31 707
Wijziging van de Wet financiering sociale verzekeringen en enige andere wetten in verband met de invoering van een premiekorting voor het in dienst nemen van uitkeringsgerechtigden van 50 jaar en ouder en het in dienst houden van werknemers van 62 jaar en ouder

nr. 8
NOTA VAN WIJZIGING

Ontvangen 20 oktober 2008

Het voorstel van wet wordt als volgt gewijzigd:

1

Het in artikel I, onderdeel C, voorgestelde artikel 47 wordt als volgt gewijzigd:

a. In het tweede lid wordt «loontijdvak» vervangen door: het tijdvak waarover premie wordt betaald.

b. Aan het artikel wordt een lid toegevoegd, luidende:

3. De werkgever bewaart bij de loonadministratie een verklaring van het Uitvoeringsinstituut werknemersverzekeringen, het college van burgemeester en wethouders of een andere uitkeringsinstantie, dat de werknemer, bedoeld in het eerste lid, voorafgaande aan de datum van aanvang van dienstbetrekking recht had op een uitkering als bedoeld in het eerste lid, onderdeel a.

2

Het in artikel I, onderdeel D, voorgestelde artikel 48 wordt als volgt gewijzigd:

a. In het tweede lid wordt «loontijdvak» vervangen door: het tijdvak waarover premie wordt betaald.

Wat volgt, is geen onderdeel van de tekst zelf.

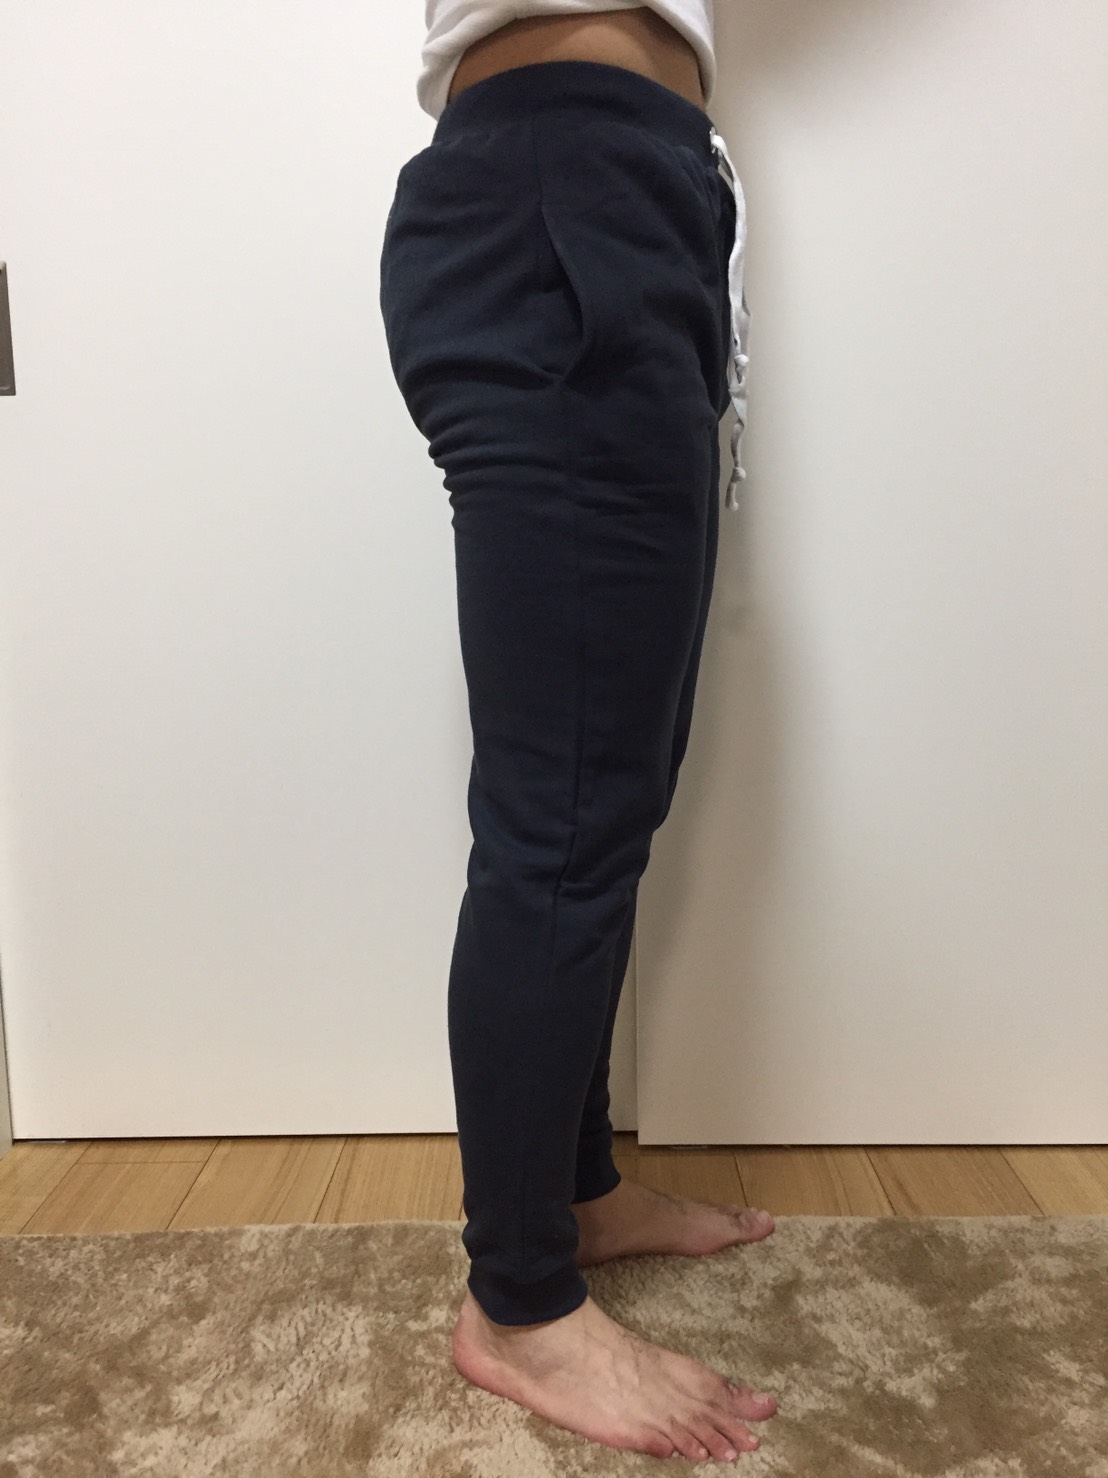 追記あり【写真】マイプロテインのアパレルのサイズ感について。Tシャツと各種パンツを実際に履いてみて。 | リザルト・ブログ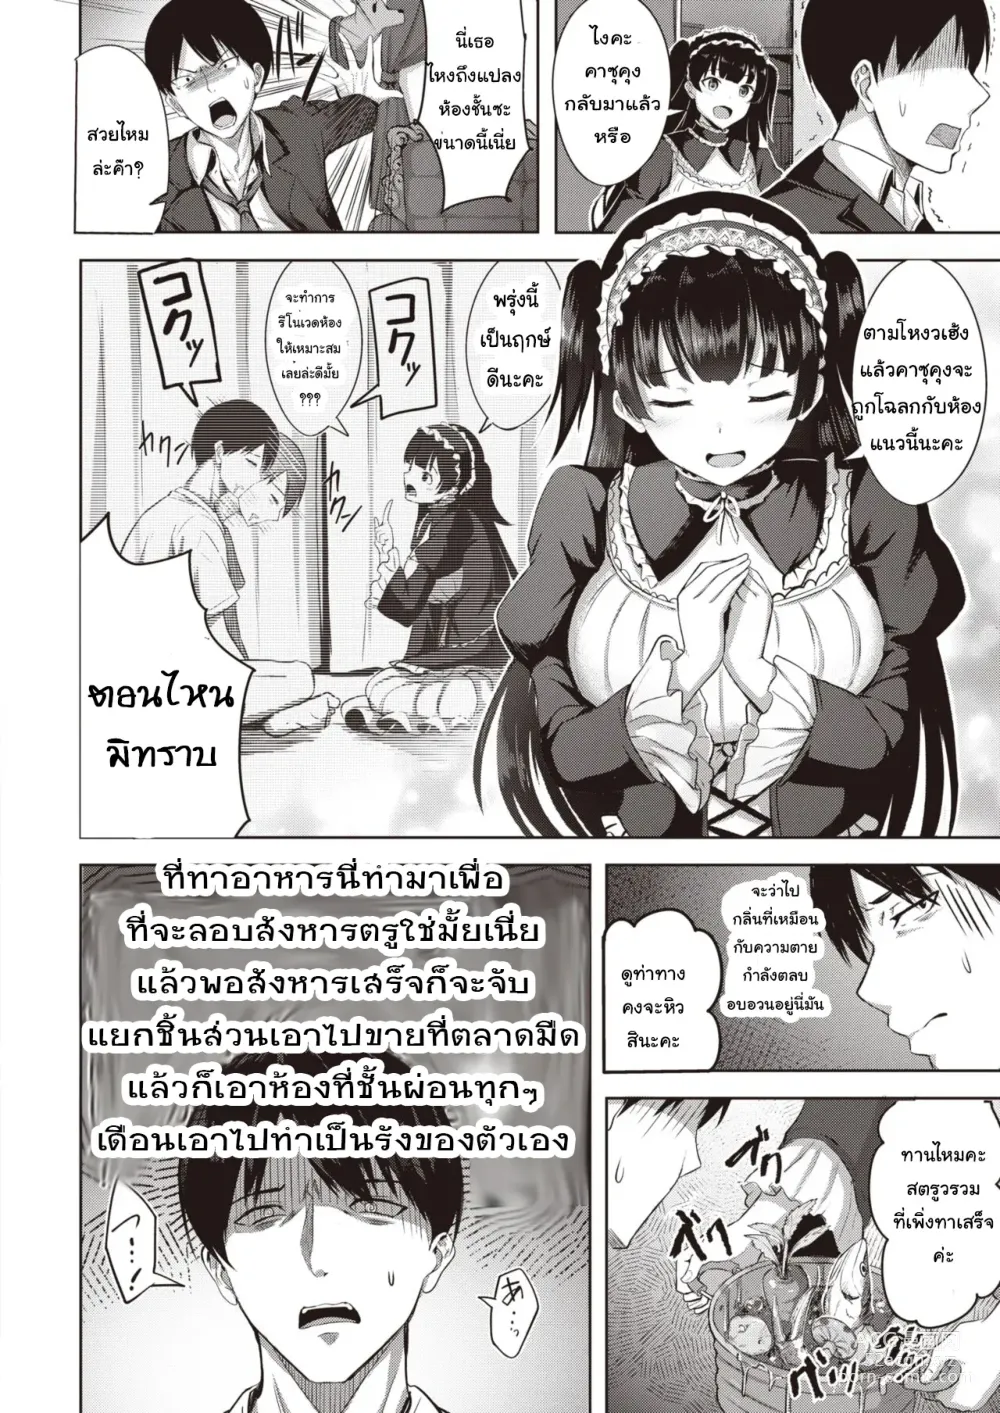 Page 6 of manga เทพธิดาโกธิค นำโชค

b. Het vierde lid komt te luiden:

4. Voor een werknemer zonder vast overeengekomen arbeidsduur wordt de vermindering bepaald aan de hand van het aantal uren waarover de werkgever loon is verschuldigd in het tijdvak waarover premie wordt betaald herleid naar weken.

3

In het in artikel I, onderdeel H, voorgestelde artikel 50c, tweede lid, wordt «waaronder voor het vaststellen van de arbeidsduur» vervangen door: waaronder voor het berekenen van de evenredige vermindering en de samenloop van premiekortingen en premievrijstelling in het tijdvak waarover premie wordt betaald.

4

In het in artikel I, onderdeel P, voorgestelde artikel 122b, tweede lid, vervalt: «en zijn werknemers».

Toelichting

Met deze wijzigingen worden een aantal bepalingen opgenomen ter ondersteuning van de controle op de toepassing van de premiekorting. De in de memorie van toelichting bij het wetsvoorstel geschetste werkwijze wordt daarmee niet aangepast, maar krijgt een duidelijker wettelijke basis.

Door de eerste wijziging wordt met het nieuwe derde lid van artikel 47 van de Wfsv expliciet geregeld, dat de werkgever een verklaring van de instantie, die de uitkering heeft verstrekt in zijn loonadministratie bewaart, waaruit blijkt, dat de werknemer recht had op de uitkeringen, die in artikel 47 worden genoemd.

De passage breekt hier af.